Recall that we might choose to address these issues by a log-transformation, including additional predictors, or simply reporting our results with an amount of caution proportional to how severe we believe these violations to be.

Question #1:

  • Part A: Recall that the \(F\)-test can only be used to compare nested models. Below are several different models one might consider for predicting the living area of a home. Which pairs of these models are nested and therefore can be compared using an \(F\)-test? List all pairings that can be compared.
    • Model 1: area.living ~ built
    • Model 2: area.living ~ bedrooms + style
    • Model 3: area.living ~ bedrooms + built
    • Model 4: area.living ~ bedrooms + style + built
  • Part B: Use an \(F\)-test performed by the anova() function to compare the models area.living ~ bedrooms + style + built and area.living ~ built. Report a one-sentence conclusion indicating which model offers a better fit to the data.
  • Part C: Check the assumptions of the alternative model in Part B. Briefly describe what you see in each plot in regard to these assumptions and whether you consider them to be reasonably satisfied or violated.
  • Part D: Use the log2() function to apply a log-transformation using a base of 2 to the outcome variable. After this transformation, do the assumptions you evaluated in Part C seem more reasonable? Briefly explain.
  • Part E: Using the log-transformed outcome model from Part D, use the \(t\)-test results provided by the summary() function to determine whether 2 Story Frame homes have a significantly larger living area than 1 Story Frame homes after adjusting for the number of bedrooms and year built.
  • Part F: Apply an appropriate inverse transformation to the Model from Part D to interpret the adjusted effect of a home having an additional bedroom (adjusted for style and year built).
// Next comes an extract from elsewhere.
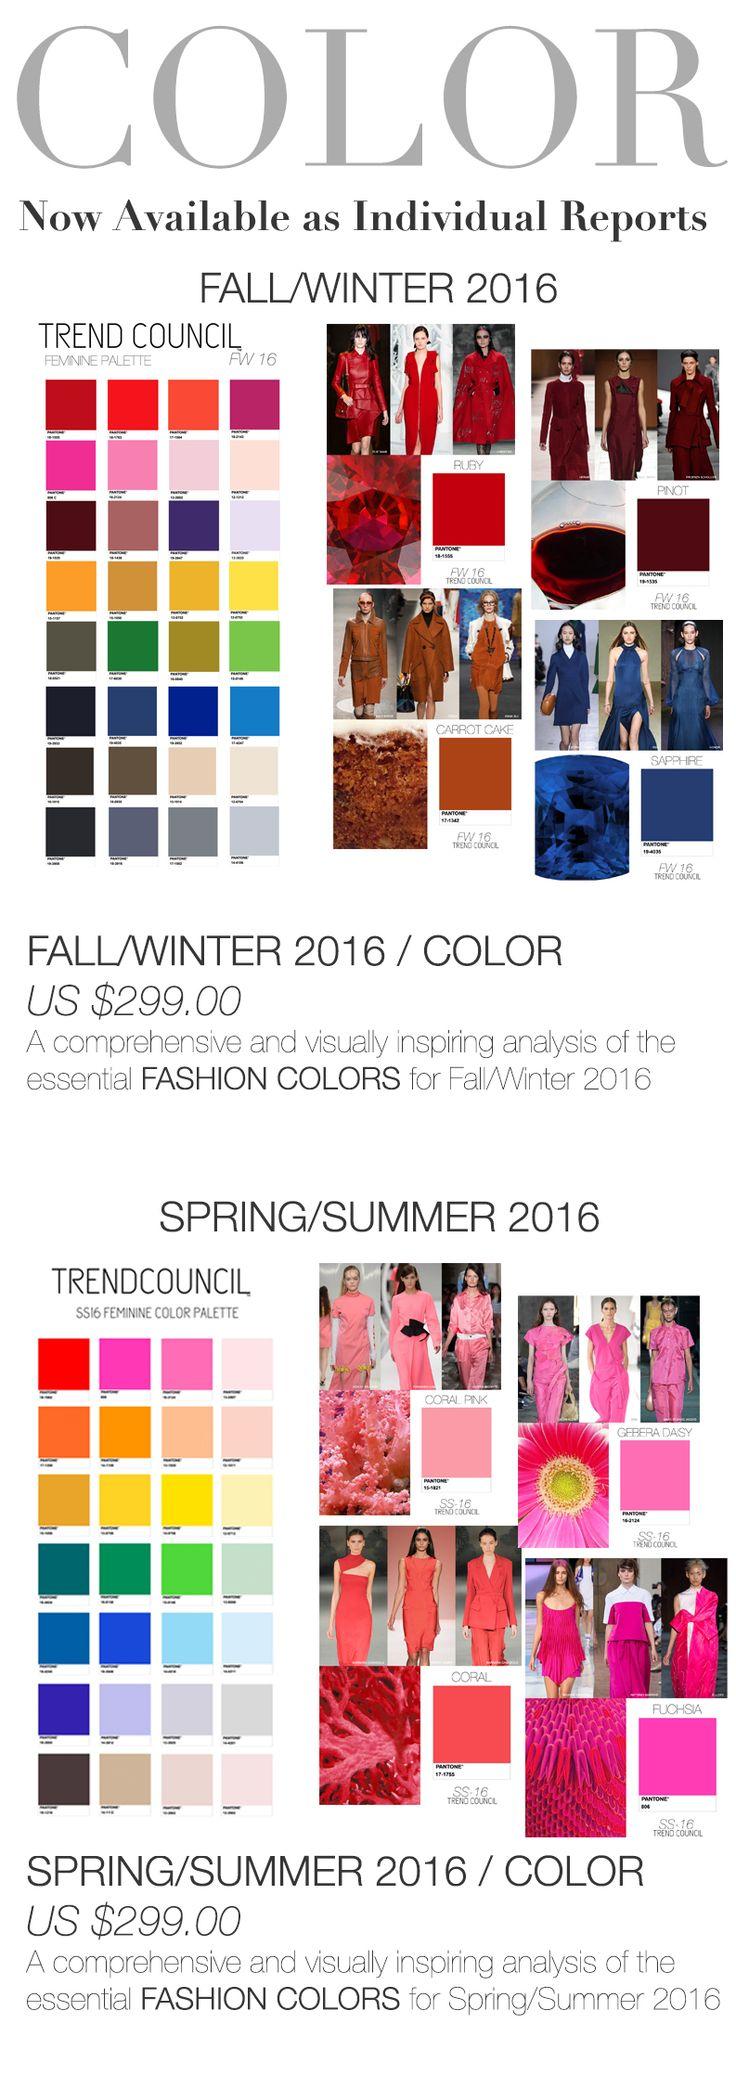 91 best spring summer 2016 color images on pinterest colors sew

Hint: Write out the model equation and apply the inverse transformation to both sides.

\(~\)

Application

In this portion of the lab you’ll analyze data collected by a large public university as part of an investigation into salary differences between male and female faculty members:

fac_sal = read.csv("https://remiller1450.github.io/data/Salaries.csv")

Question #2:

  • Part A: Use a two-sample \(t\)-test to evaluate whether there is a statistically significant difference in the salaries of male vs. female faculty. Report a one-sentence conclusion that includes the sample means and \(p\)-value.
  • Part B: Did the \(t\)-test from Part A assess a marginal effect, a conditional effect, or an adjusted effect? Is this a problem? State one of these and briefly explain your reasoning.
  • Part C: Apply the definition of confounding to check whether the variable rank might confound the marginal association between sex and salary. You may use either visualizations of descriptive statistics to check both pieces of the definition. Hint: remember that the definition of confounding requires there to be an association between a third variable and both the explanatory and response variables.
  • Part D: Use an \(F\)-test to compare the models salary ~ sex + rank and salary ~ sex. Report whether the more complex model seems to have a better fit.
  • Part E: Now use a series of \(F\)-tests to determine whether yrs.since.phd and discipline should also be added to the model to further improve the fit (over the alternative model from Part D).
  • Part F: Check the assumptions of the final model you decided upon in Part E. Briefly comment on each assumption.
  • Part H: If you deemed it necessary in Part F, perform a log-transformation on the outcome variable, otherwise skip this step.
  • Part G: Use the summary() function to perform a \(t\)-test investigating whether there is a difference in the expected salaries of male and female faculty after adjusting for the other variables in your final model. Report the adjusted difference in salaries as part of a one-sentence conclusion that cites the \(p\)-value of this \(t\)-test.